No pictures, please: print exactly the lines from the one that contains "The Ecochic Design" through the last line of the listing.

* **RECORDED DATA**
▬▬▬▬▬▬

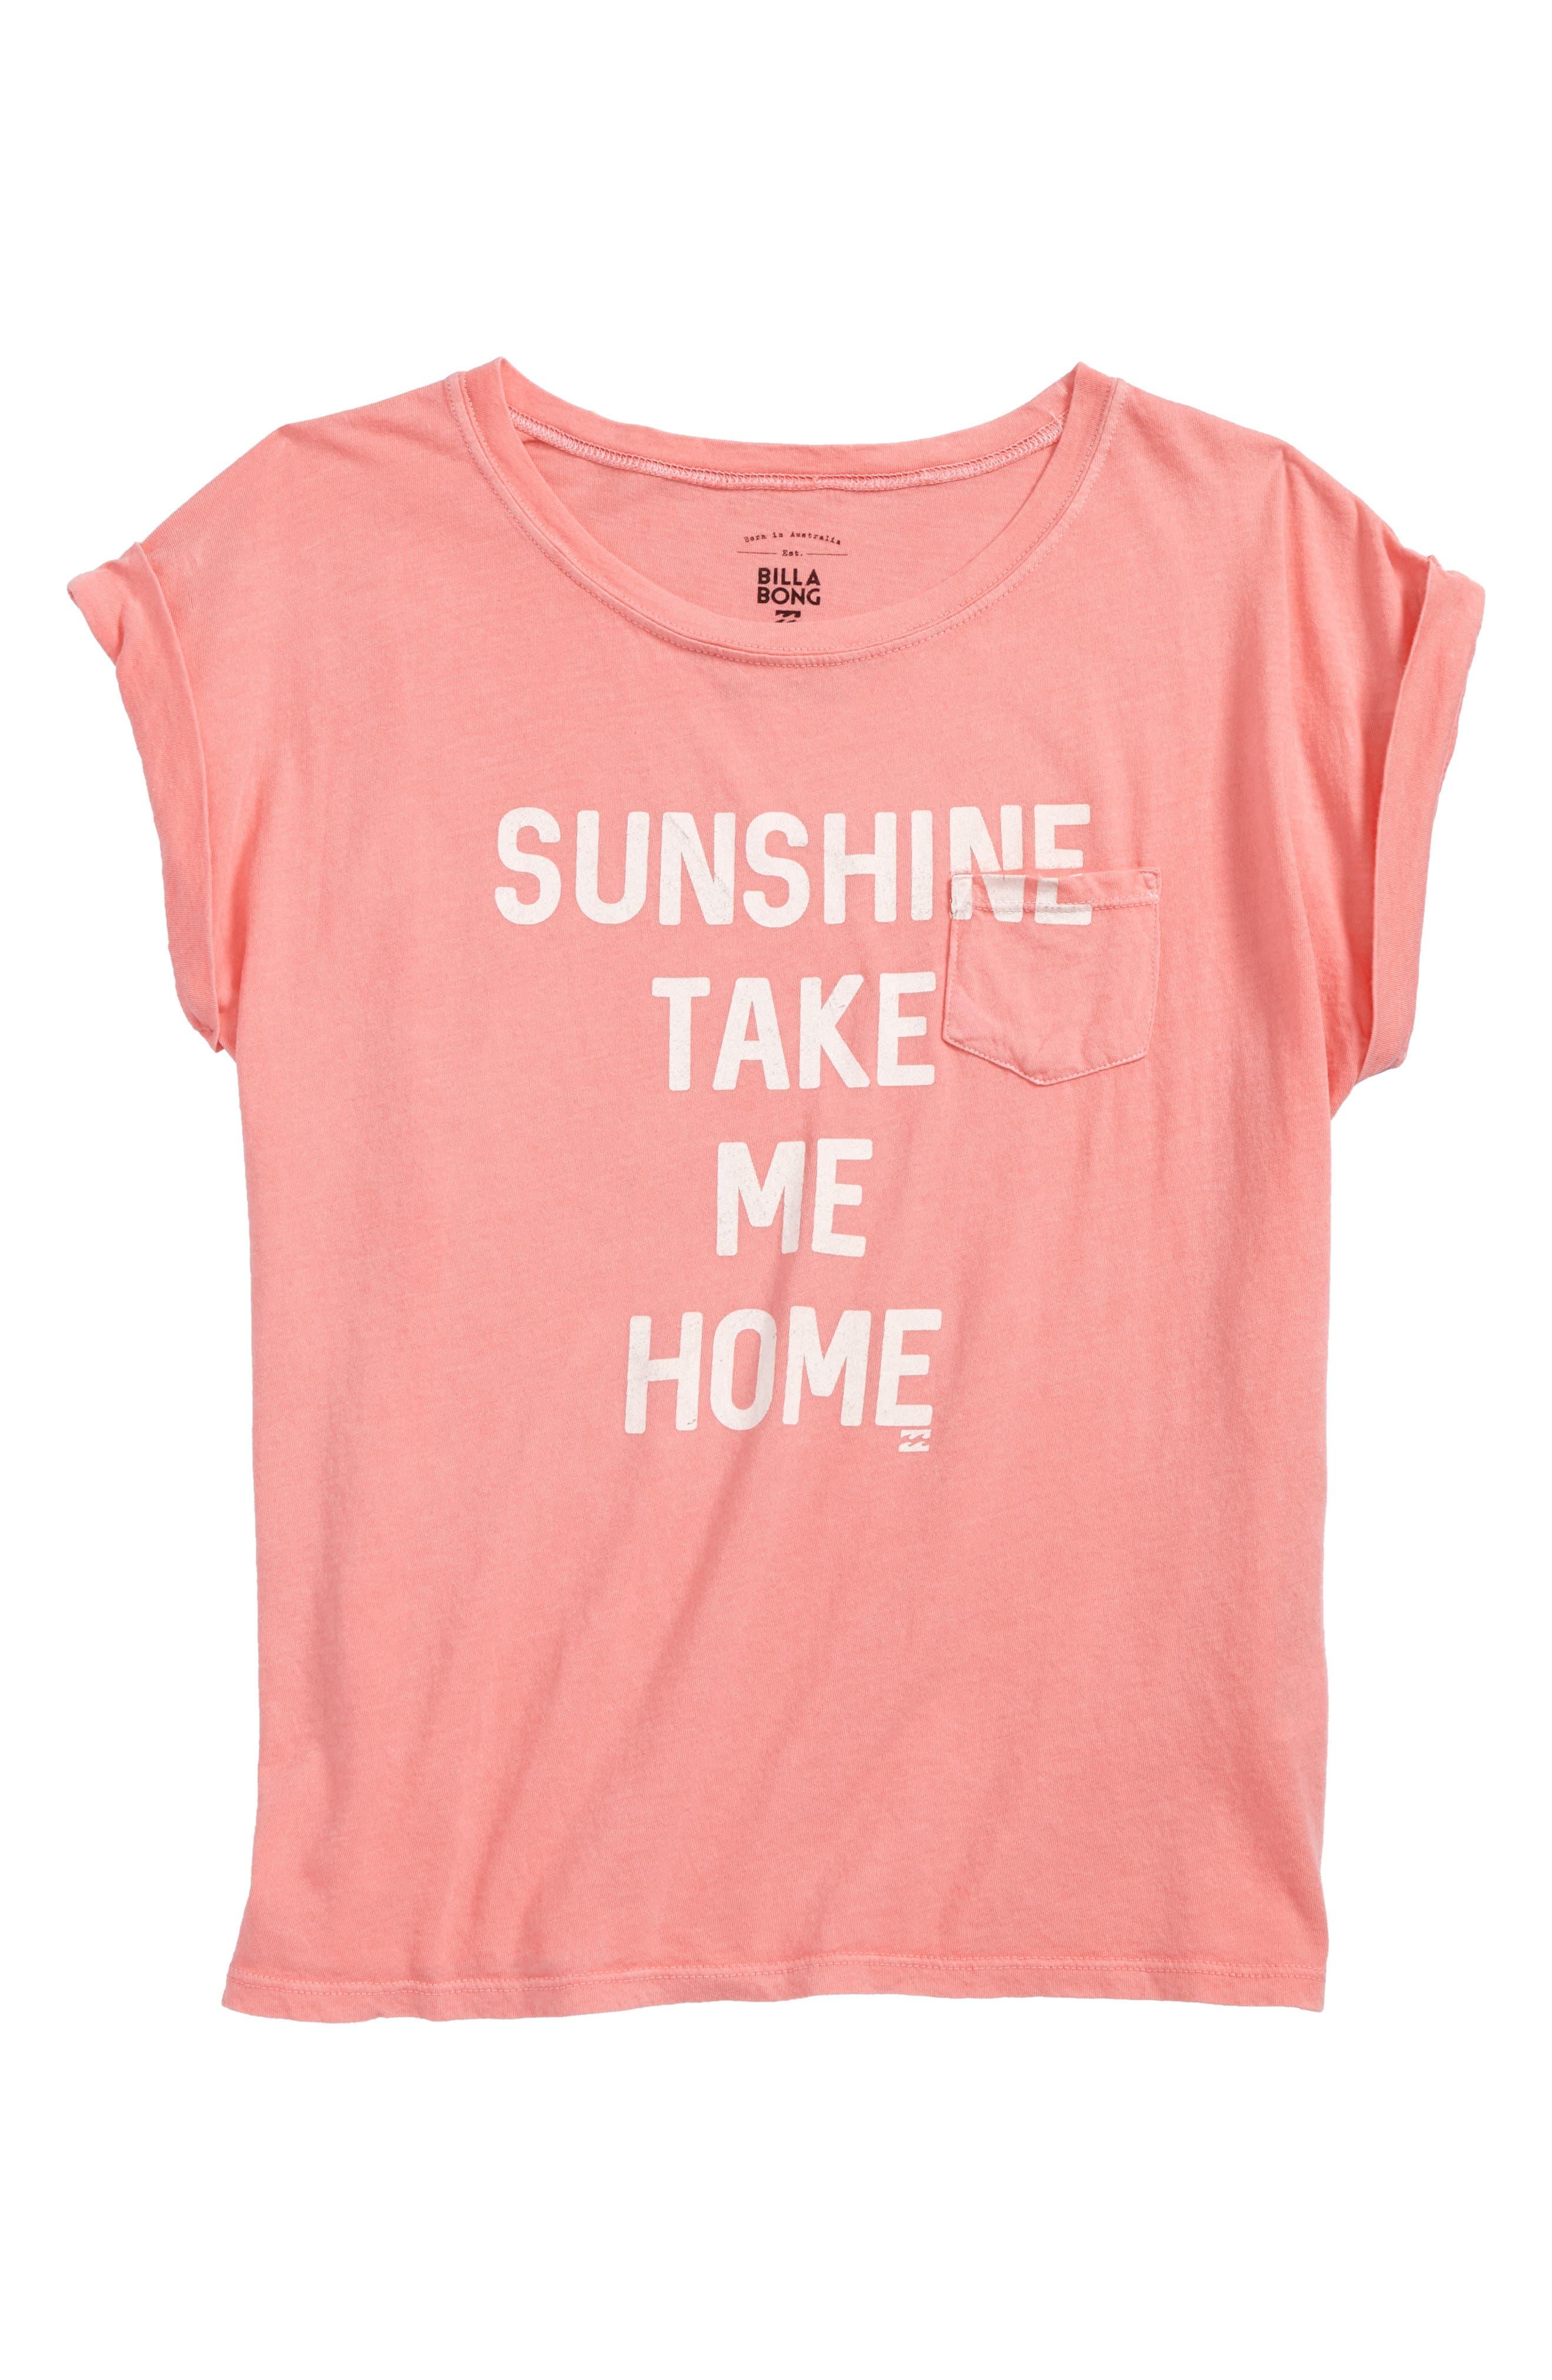 Main Image - Billabong Sunshine Take Me Home Graphic Tee (Little Girls & Big Girls)
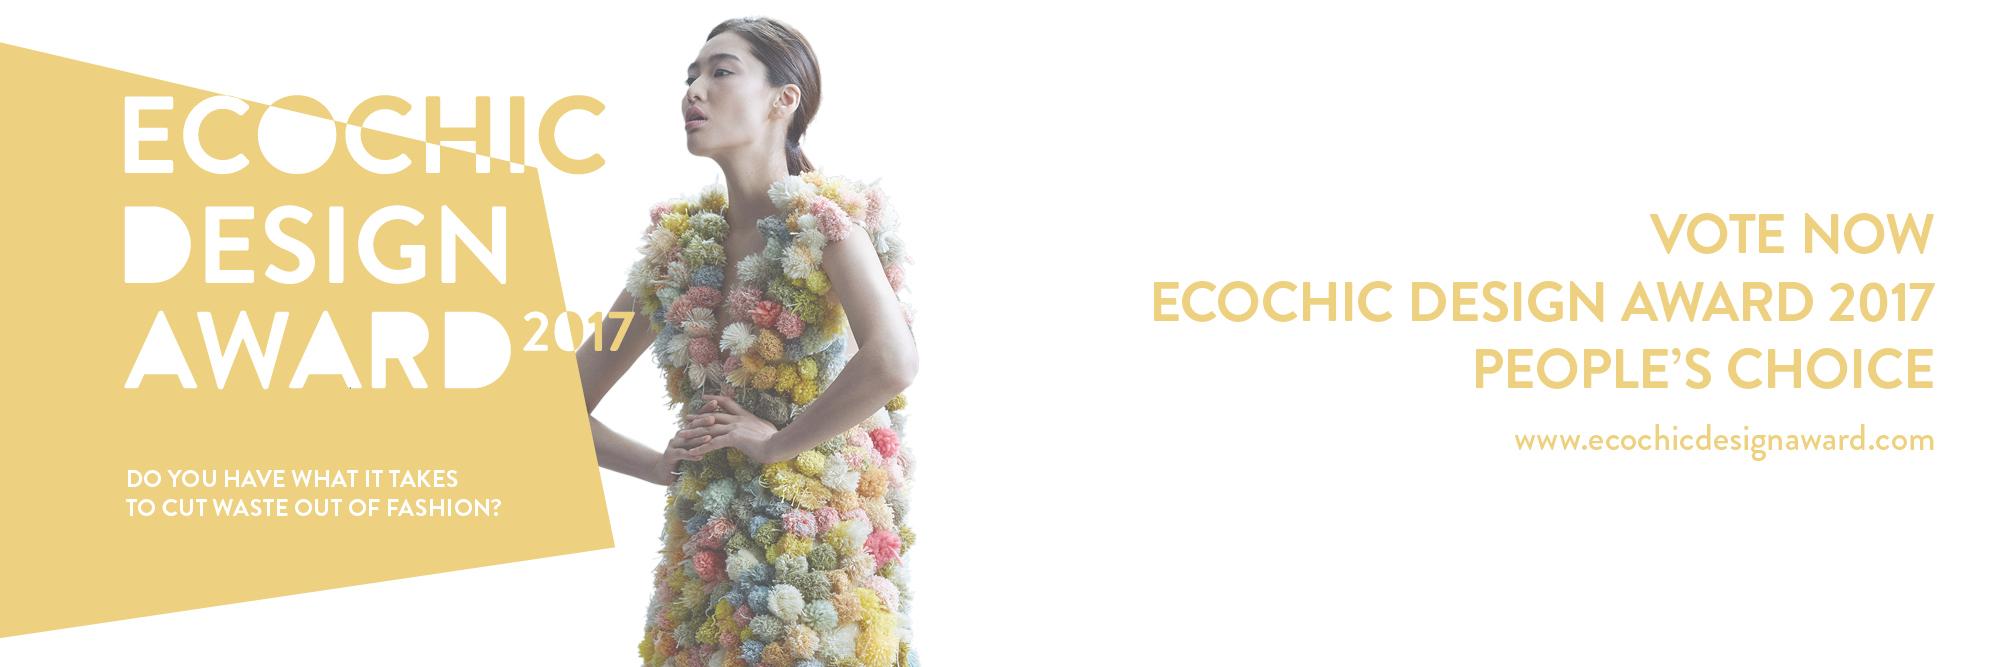 The Ecochic Design Award 2017 Semi Finalists Redress Design Award
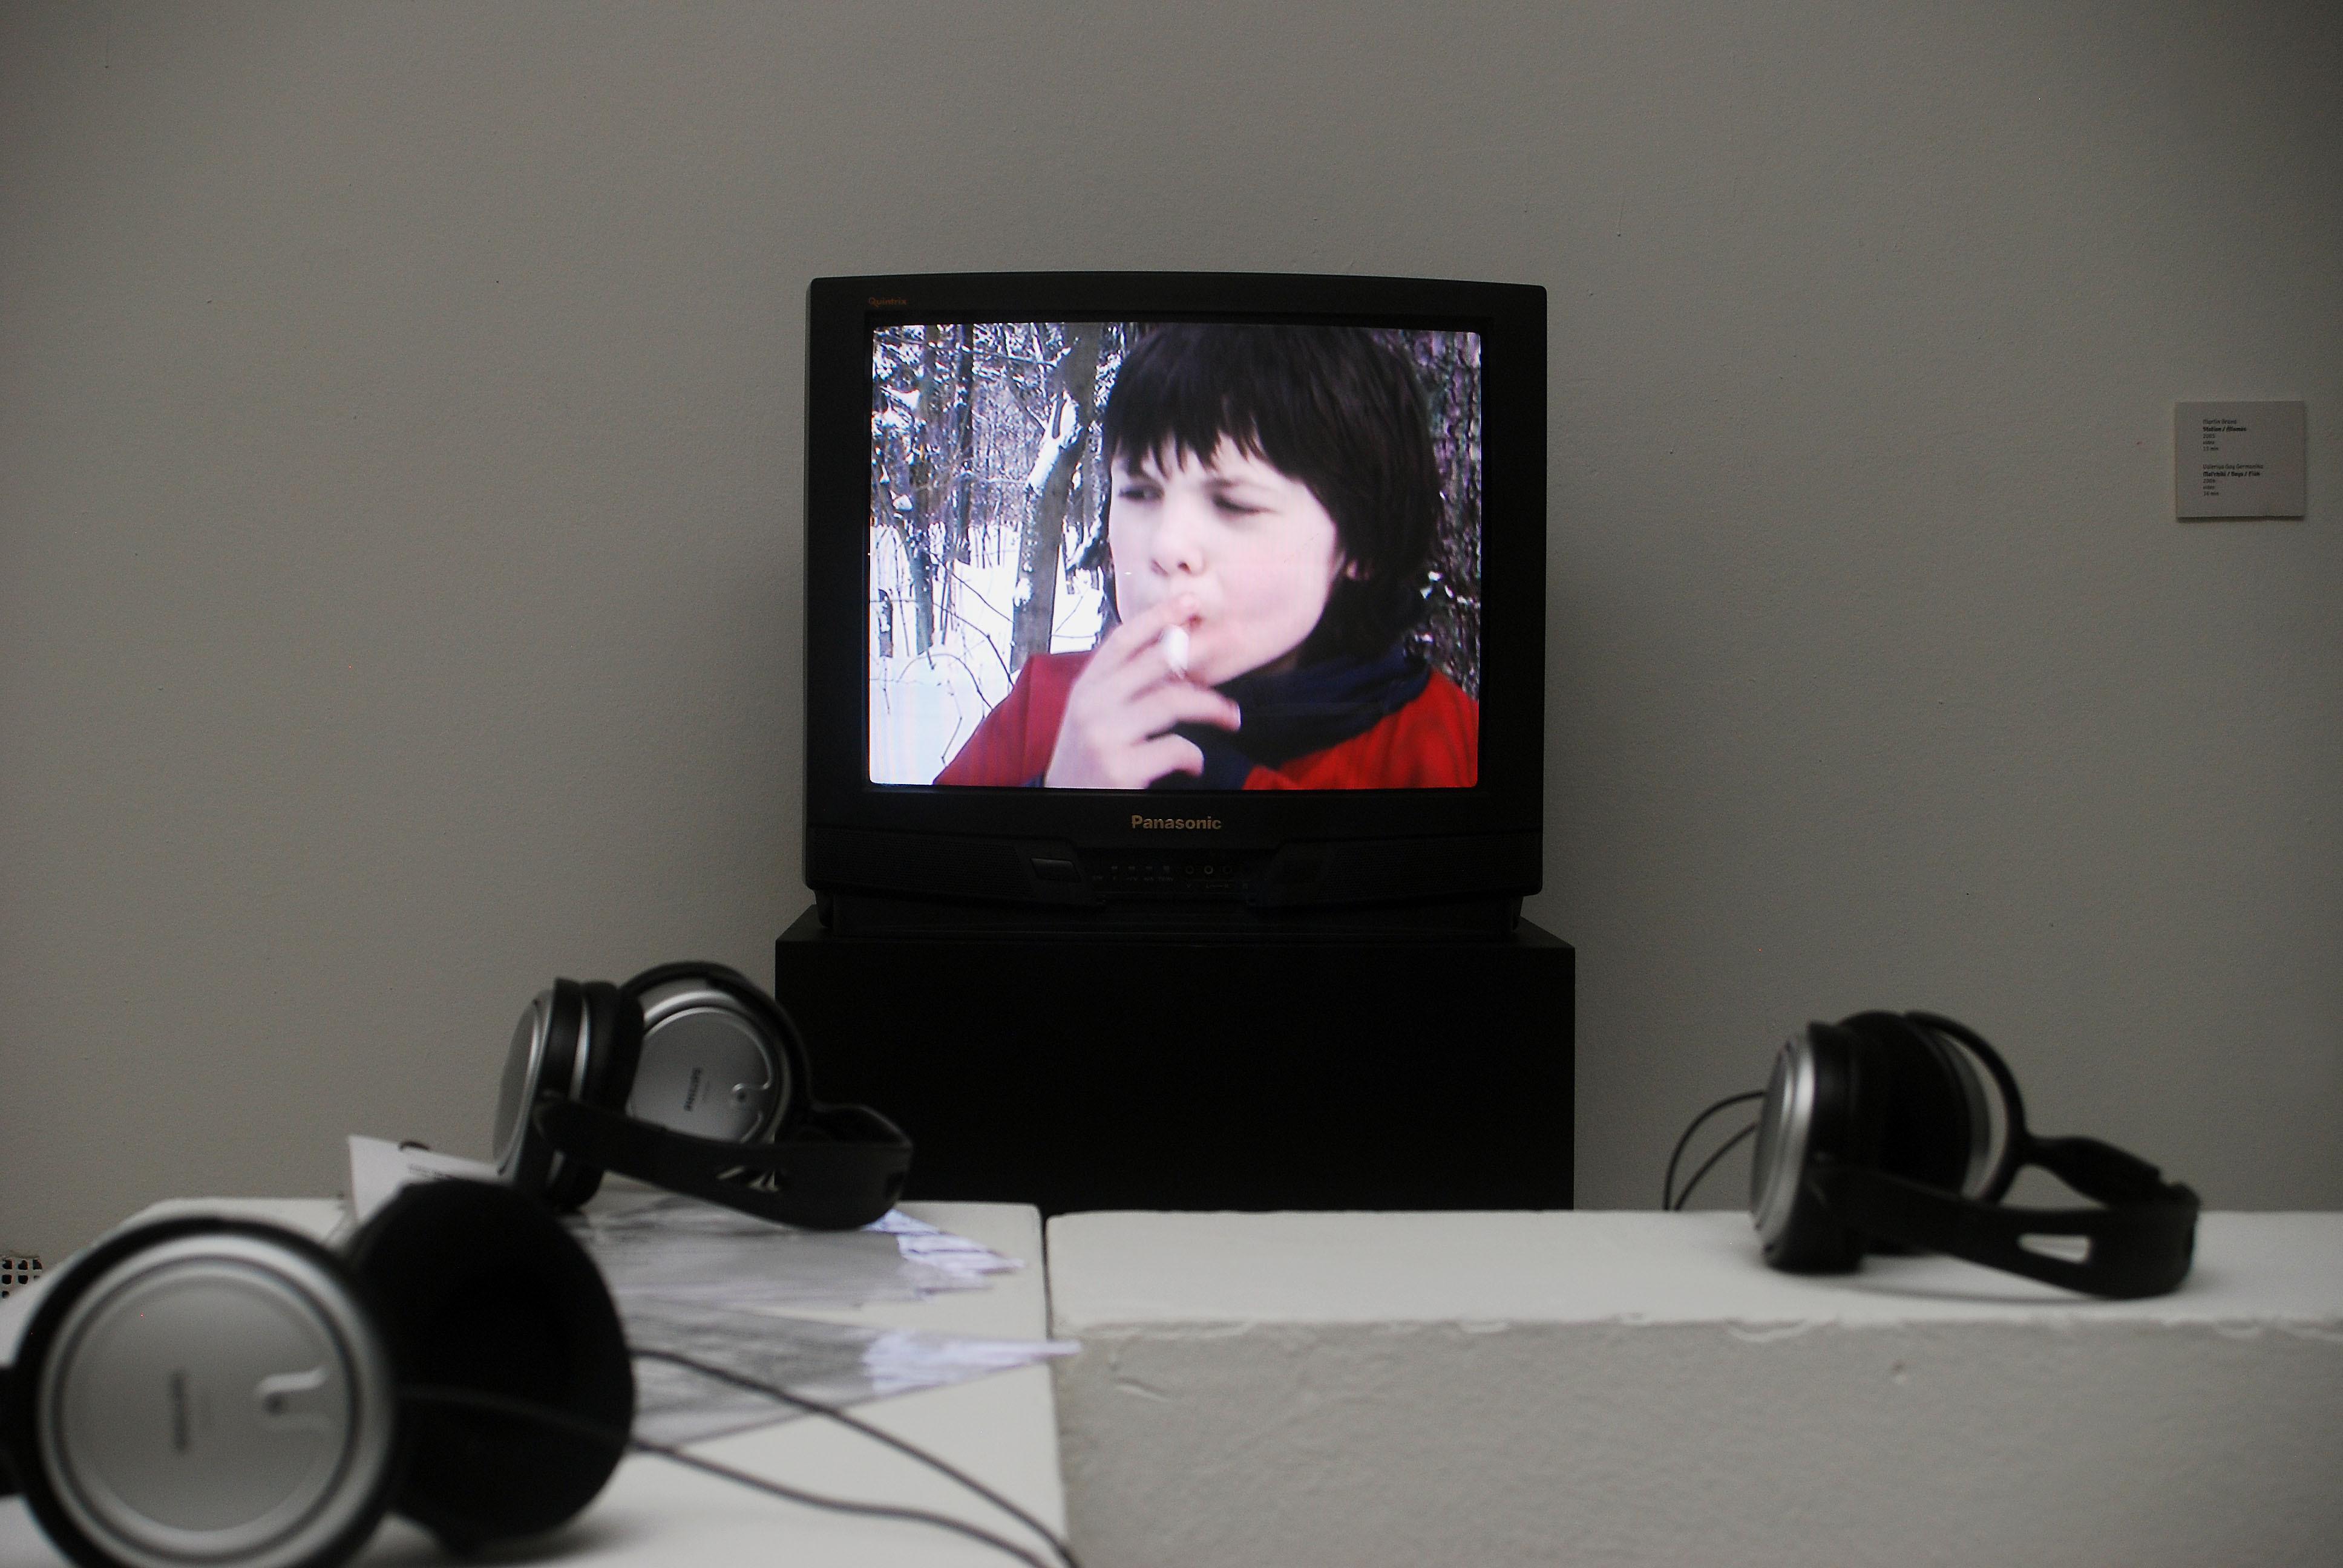 Valeriya Gay Germanika: Mal'chiki – Boys, Russia, 2006, DVD, colour, sound, 36 min | photo: Gabriella Csoszó

▬▬▬▬▬▬

* **OUTPUT FOR THIS EXERCISE**
 The Ecochic Design Award 2017 Semi Finalists Redress Design Award
 Valeriya Gay Germanika: Mal'chiki – Boys, Russia, 2006, DVD, colour, sound, 36 min | photo: Gabriella Csoszó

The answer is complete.